Growing as a hardy herbaceous perennial, the peppermint plant, Mentha x piperita is a natural hybrid of spearmint, Mentha spicata, and an aquatic mint, water mint, Mentha aquatica. There are peppermint cultivars to choose from if you are thinking about growing your own plants. Chocolate mint is a favorite and makes wonderful tea, but there is also citrus flavors and variegated options. It grows quickly and spreads in moist, partly shaded areas. It is considered invasive in some countries including New Zealand, Australia, and parts of the US. Because of its ability to spread, it might be best to grow it in a container. It will need to be repotted often as it outgrows its restraints easily and can strangle itself.

Peppermint can grow inside and out. Since it is in containers, you might easily move your plants inside for the winter and continue to make tea from fresh leaves or add leaves to your favorite recipes. I love the fresh leaves when making tzatziki or other refreshing yogurt-based dips such as raita.
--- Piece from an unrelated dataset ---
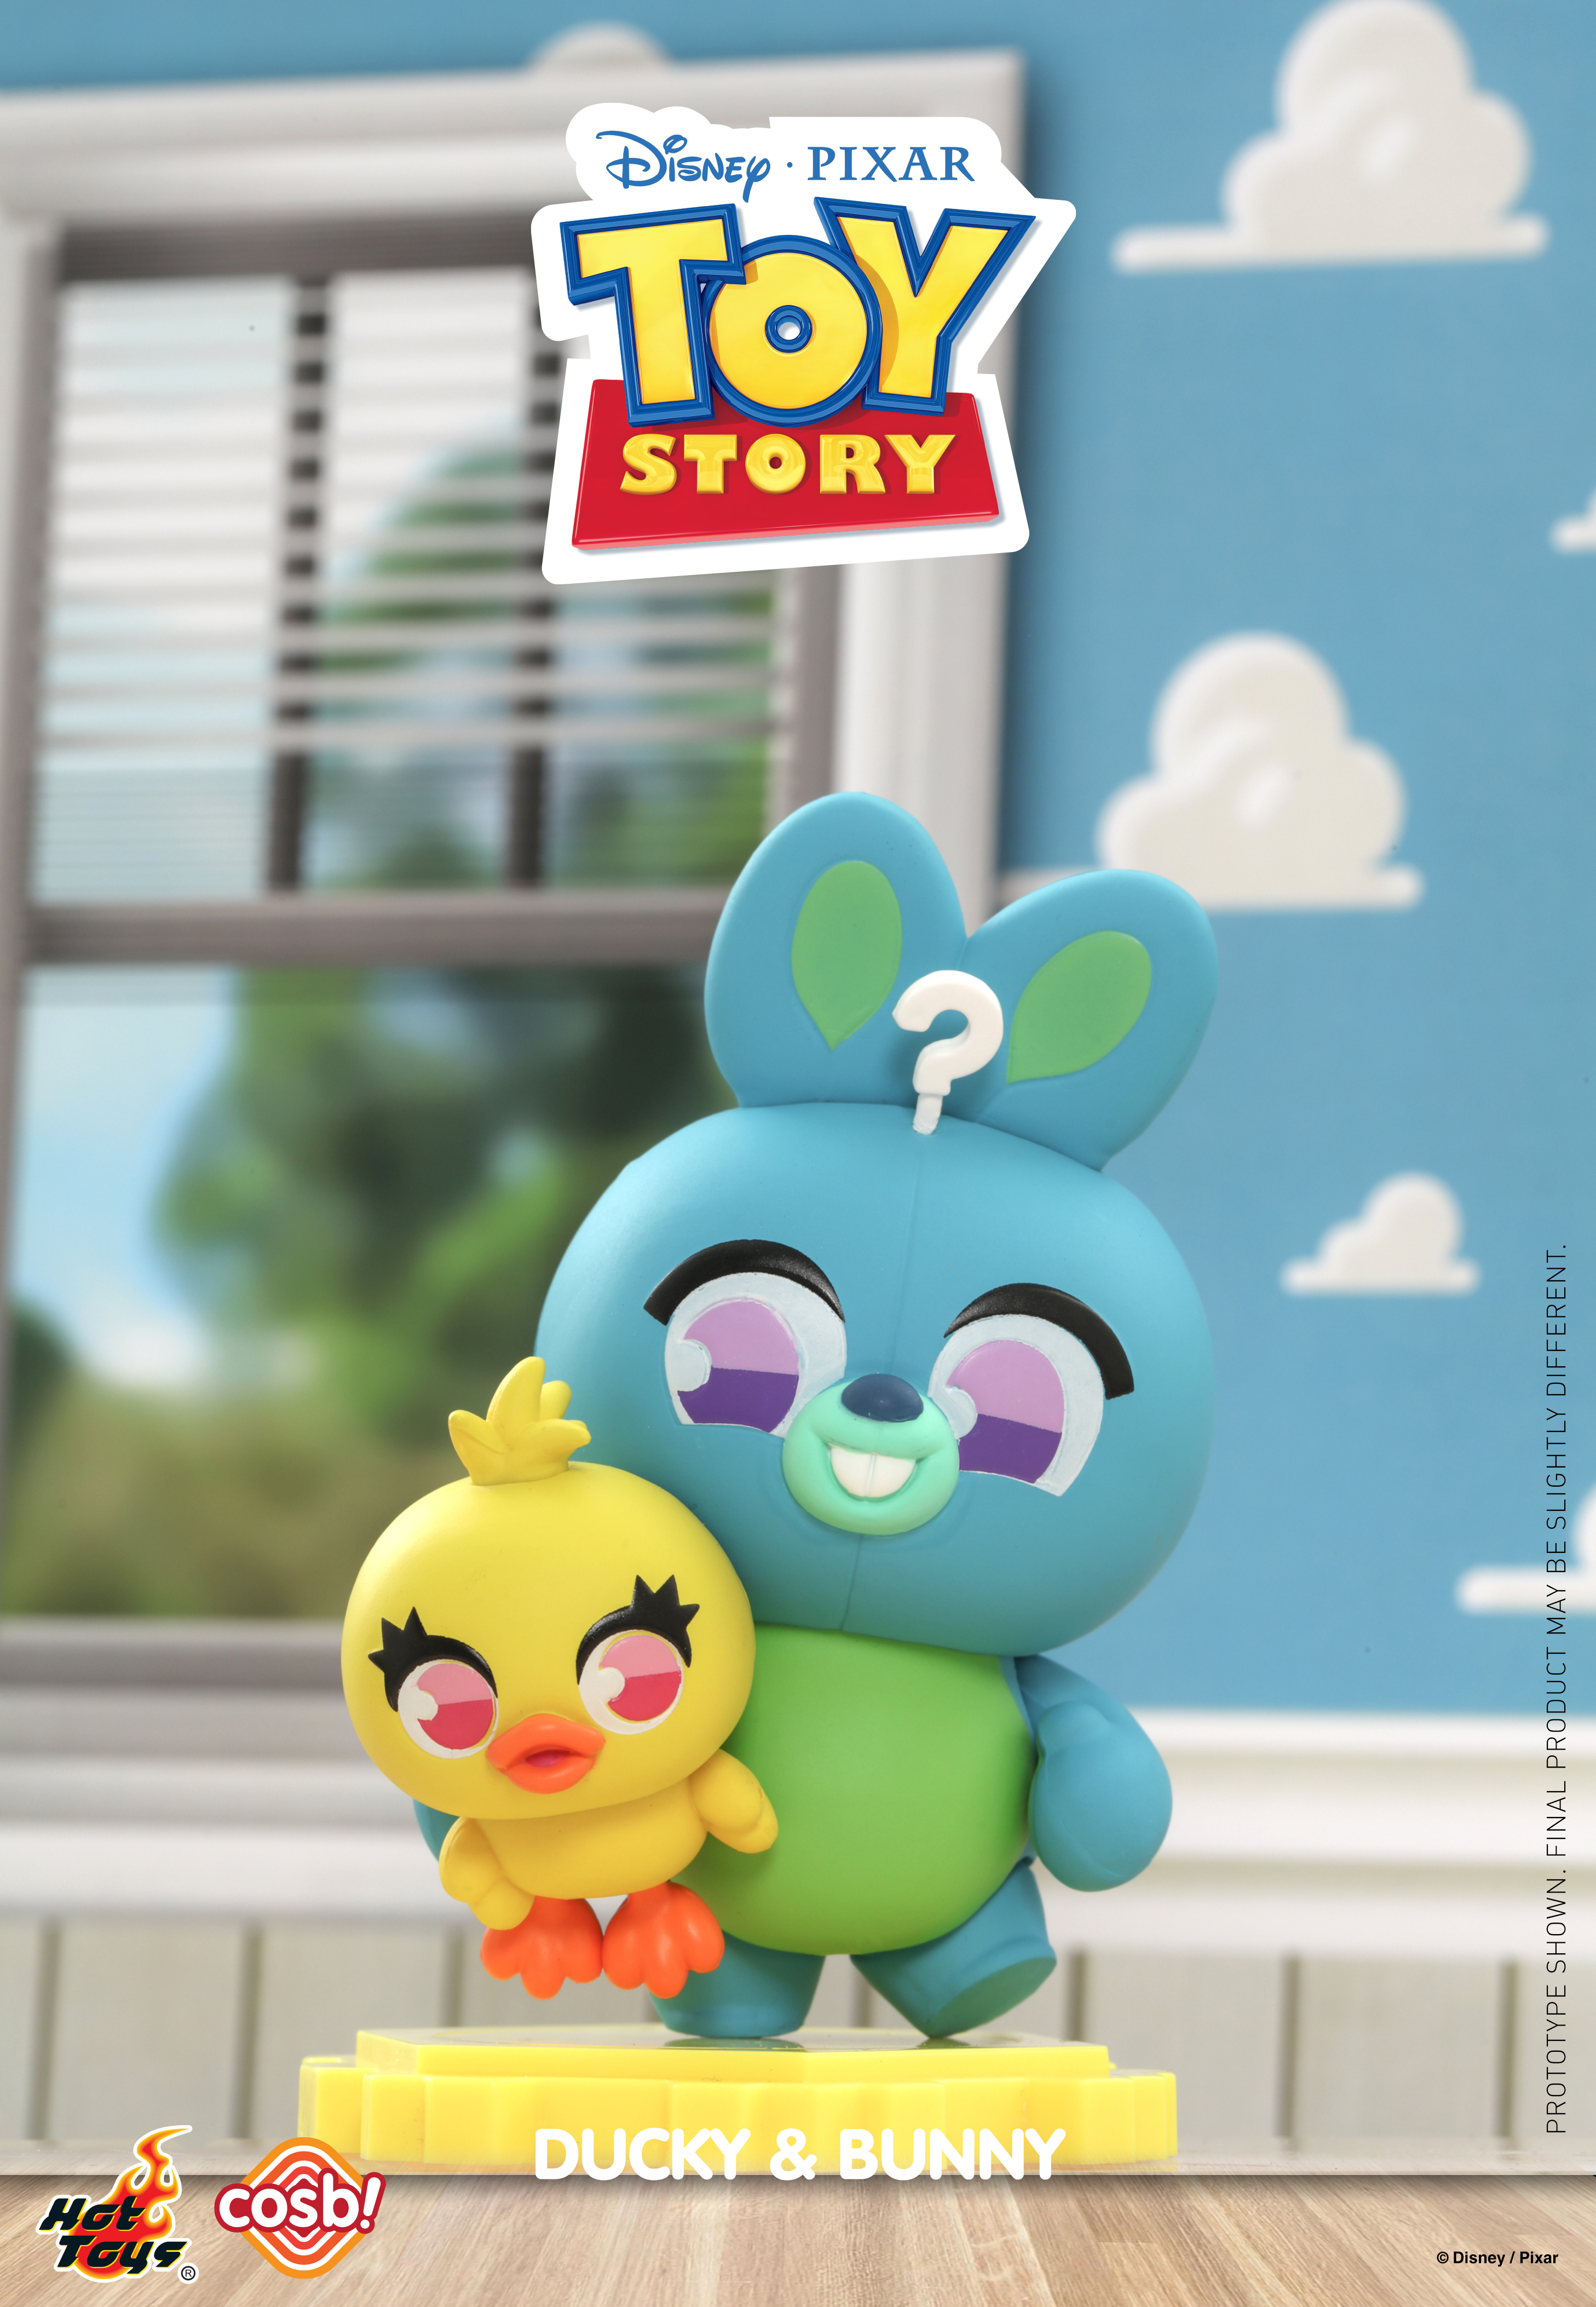 Hot Toys - Toy Story Cosbi_Ducky & Bunny_PR1

Best harvested before the plant starts to flower, you can cut large amounts to store for future use. Peppermint leaves store well in the freezer, often maintaining the volatile oils and flavor better than drying. For longer storage, drying leaves is certainly an option.

To harvest

With scissors, cut the stems 2 to 3 inches above the ground before the plant starts to make flower buds. Dunk the stems in a cold salted water bath to remove any little insect friends. Rinse and dry the stems.

To store in the freezer

Gently remove the washed leaves from the stems. You might use scissors or pinch them off. Two ways I have successfully stored peppermint are finely chopped leaves in reusable glass jars, not too tightly packed, or whole leaves in resealable freezer bags. The chopped leaves are great to use as tea, mix with other herb teas, or to add into a soup or sauce.

Two drying methods

  1. First method is to take your washed stems and tie several together and hang upside down in a clean, dry, dark, place that has excellent air flow. Check on them often. When fully dry, the leaves will crumble right off the stems. Best stored in an airtight container such as a reusable jar.
  2. Second method is to use the residual heat from your oven, so at an extremely low temperature. Take the leaves off the stems like you would for fresh use or freezing and spread in a single layer on a sheet and put in a recently used oven overnight. This can be a bit risky as you will probably lose the vibrant green color, and could slightly “cook” the leaves, losing some of the healthful benefits. In areas with high humidity, drying herbs can take too long, or plants can become moldy, so this is a good alternative. Of course, if you have a dehydrator there may be settings appropriate for drying herbs. I like the residual heat from the oven because it doesn’t require any addition electricity.

A valuable herb in the kitchen and medicine cupboard. I’m looking forward to using peppermint to make the winter months ahead more enjoyable, cozy, invigorated and without any headaches or digestive complaints.